Painting (1950) and Fragment of a Crucifixion (1950) were among the works shown at Francis Bacon: Recent Paintings; Hilly: Paintings, at the Hanover gallery, 14 September - 21 October 1950. Also Study for Figure (1950) (destroyed) and Man at a Curtain (1949) - an abandoned work.

[edit] Study after Velázquez

Figure in Frame (1950)

This series of three paintings after Velázquez were painted for the September 1950 Hanover gallery exhibition. The exhibition was advertised as Francis Bacon: Three Studies from the Painting of Innocent X by Velázquez but the series was withdrawn before the start of the show by Bacon. In November 1950, after Bacon had gone off to South Africa, the Hanover gallery offered on his behalf Study after Velázquez (1950) to the Arts Council, for the Festival of Britain show Sixty Paintings for '51. On his return in May, Bacon again withdrew the painting before it was shown, although it is in the catalogue to the exhibition.
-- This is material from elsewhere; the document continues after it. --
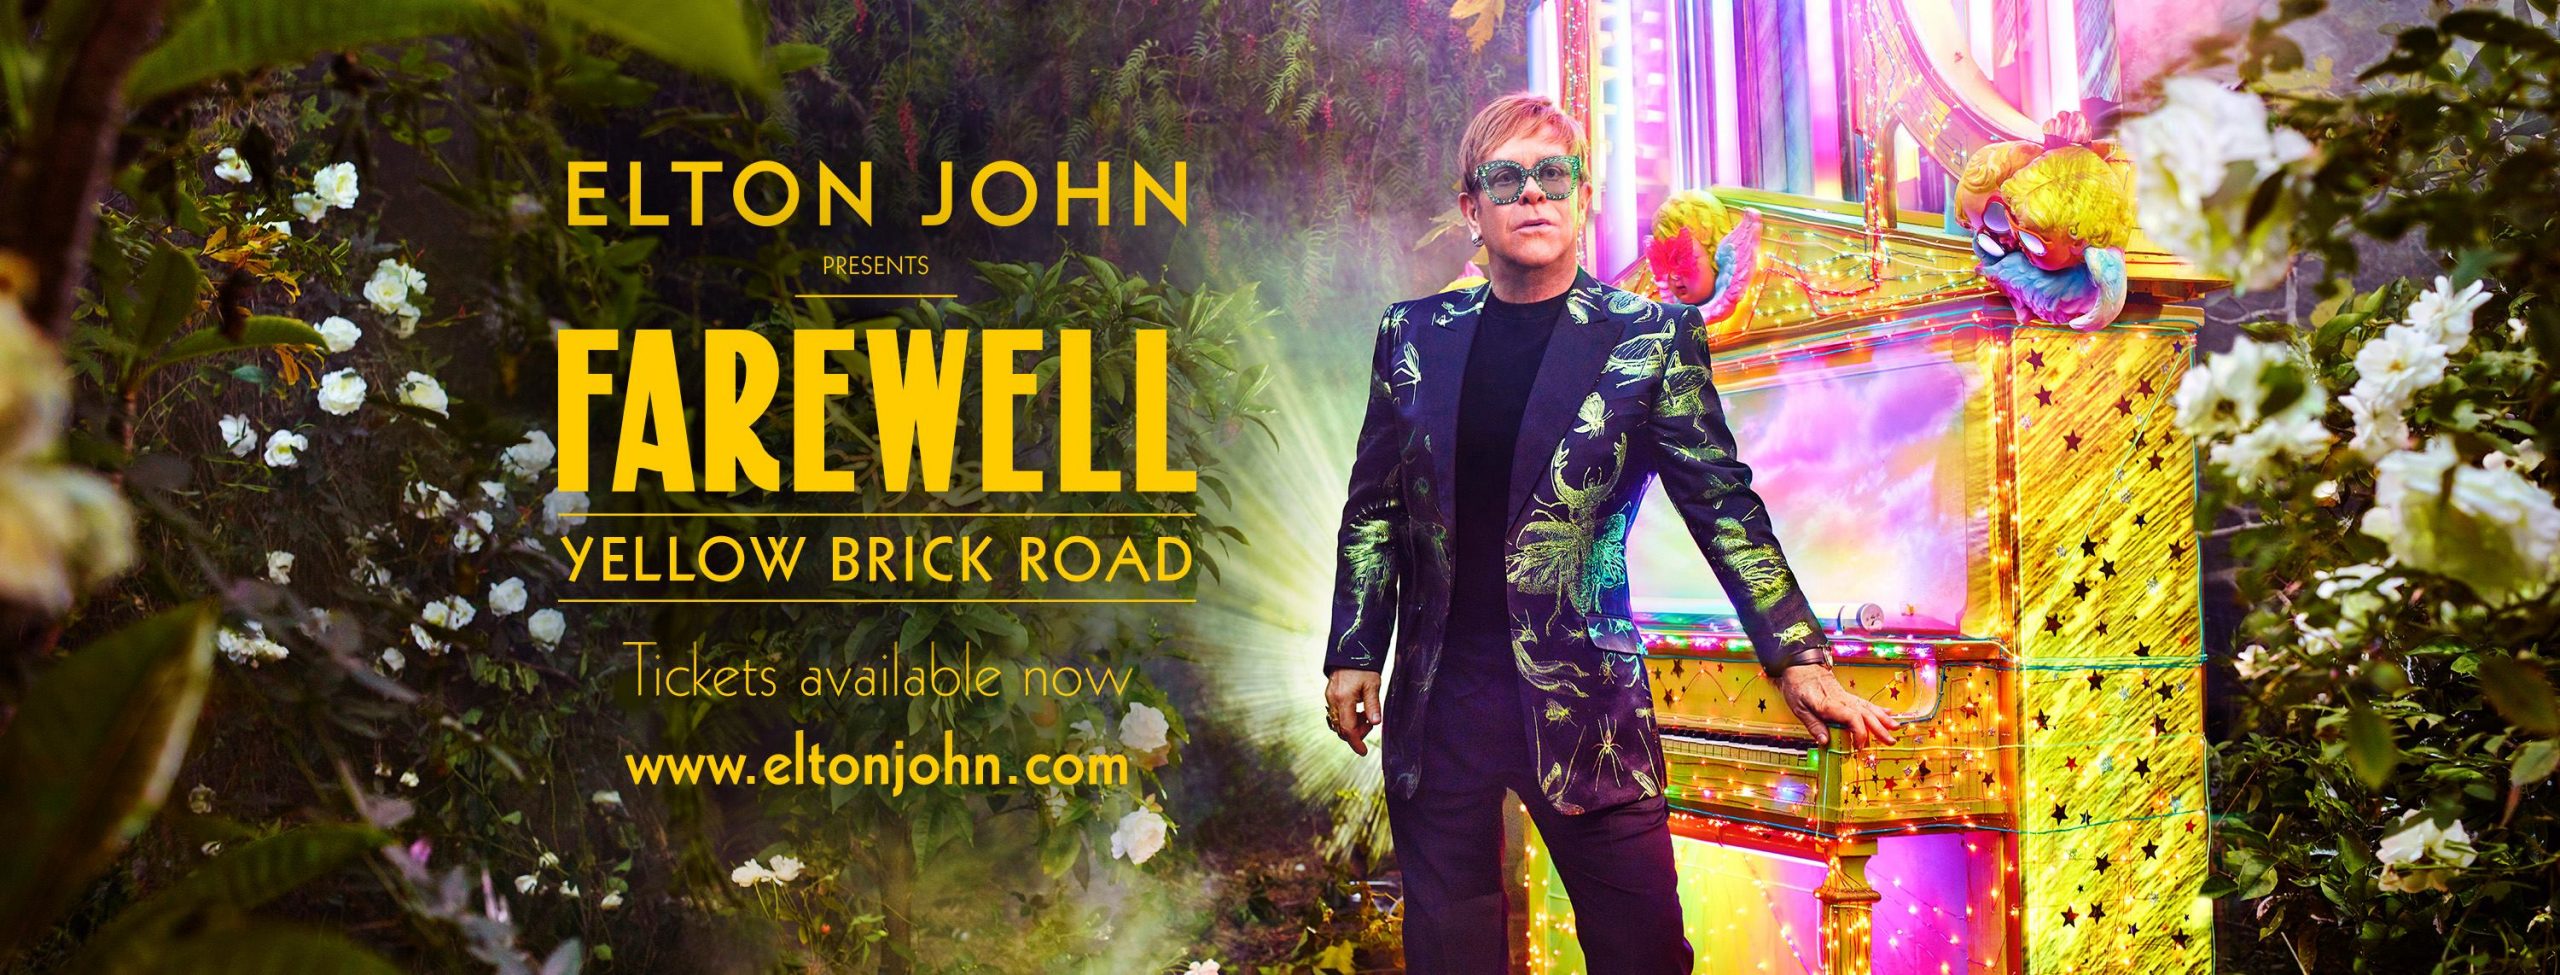 Elton JOHN met en place son ultime tournée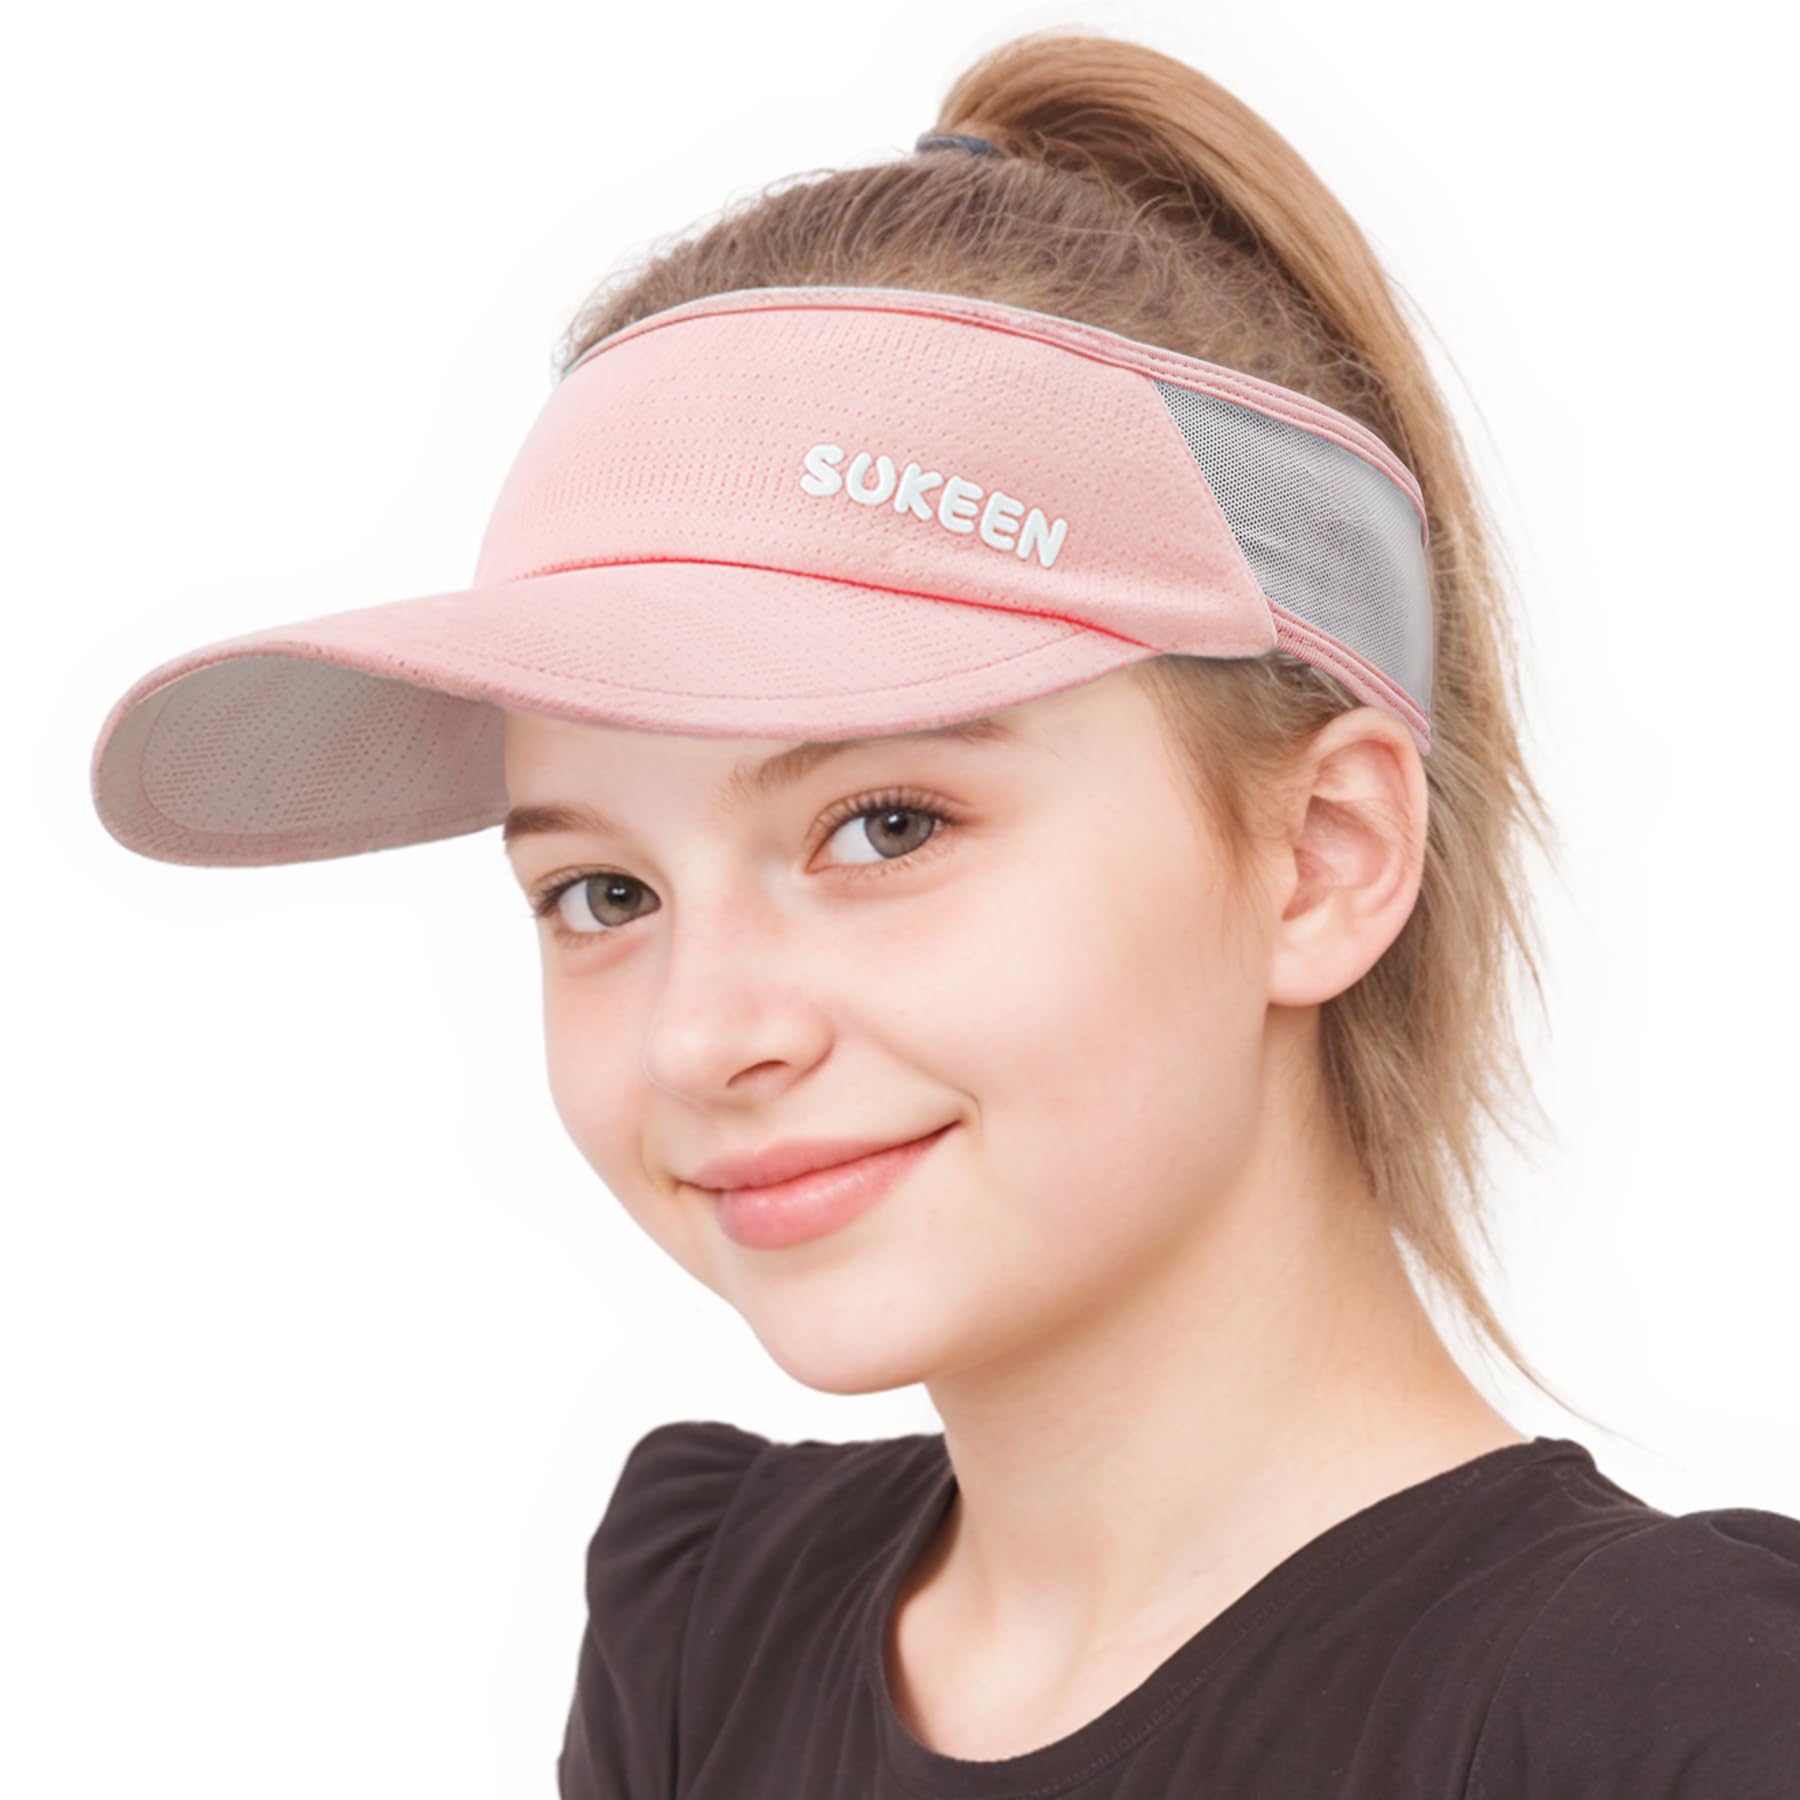 Sukeen Kids Sun Visor Hats for Girls Boys

Study after Velázquez (1950) and Study after Velázquez II (1950) were sent to his art supplier for the frames and stretchers to be reused. Bacon apparently believed them destroyed.

Study after Velázquez (1950) and Study after Velázquez II (1950) were rediscovered carefully rolled-up at Bacon's art supplier in September 1998 (and shown at the Tony Shafrazi gallery). Study after Velázquez II (1950) (also known as Untitled (Pope) (1950)) is an abandoned work. Study after Velázquez III (1950) is destroyed (but was photographed). In January 1951 Bacon was featured in World Review in The Iconoclasm of Francis Bacon by Robert Melville (describing Study after Velázquez (1950) seen at the studio and on the destruction of the three paintings in the series of studies after Velázquez; Fragment of a Crucifixion (1950) and Man at a Curtain (1949) are shown in monochrome).

Study for Nude Figures (1950) (also known as Untitled (Crouching Figure) (1950)), and Figure in Frame (1950) (also known as Untitled (figure) (1950-1)), were among the abandoned paintings found in storage after the painter's death. Figure in Frame (1950), in particular, is a compellingly beautiful wreck, with thin dry-brushed paint on raw linen over a spectral smear and scrapes of oil paint.

By 1950, Bacon's affair with Eric Hall had come to an end - he no longer appears on the electoral register with Bacon and Jessie Lightfoot at 7 Cromwell Place - but he was to remain a loyal patron, friend and supporter. During November 1950, Bacon visited his mother in South Africa. This suited his asthma better than spending winter in London. Bacon was impressed by the African landscapes and wildlife, and took photographs in Kruger National Park. On his return journey he spent a few days in Cairo, and wrote to Erica Brausen of his intent to visit Karnak and Luxor, and then go via Alexandria to Marseilles. The visit confirmed his belief in the supremacy of Egyptian art, embodied by the Sphinx. He returned in the Spring of 1951.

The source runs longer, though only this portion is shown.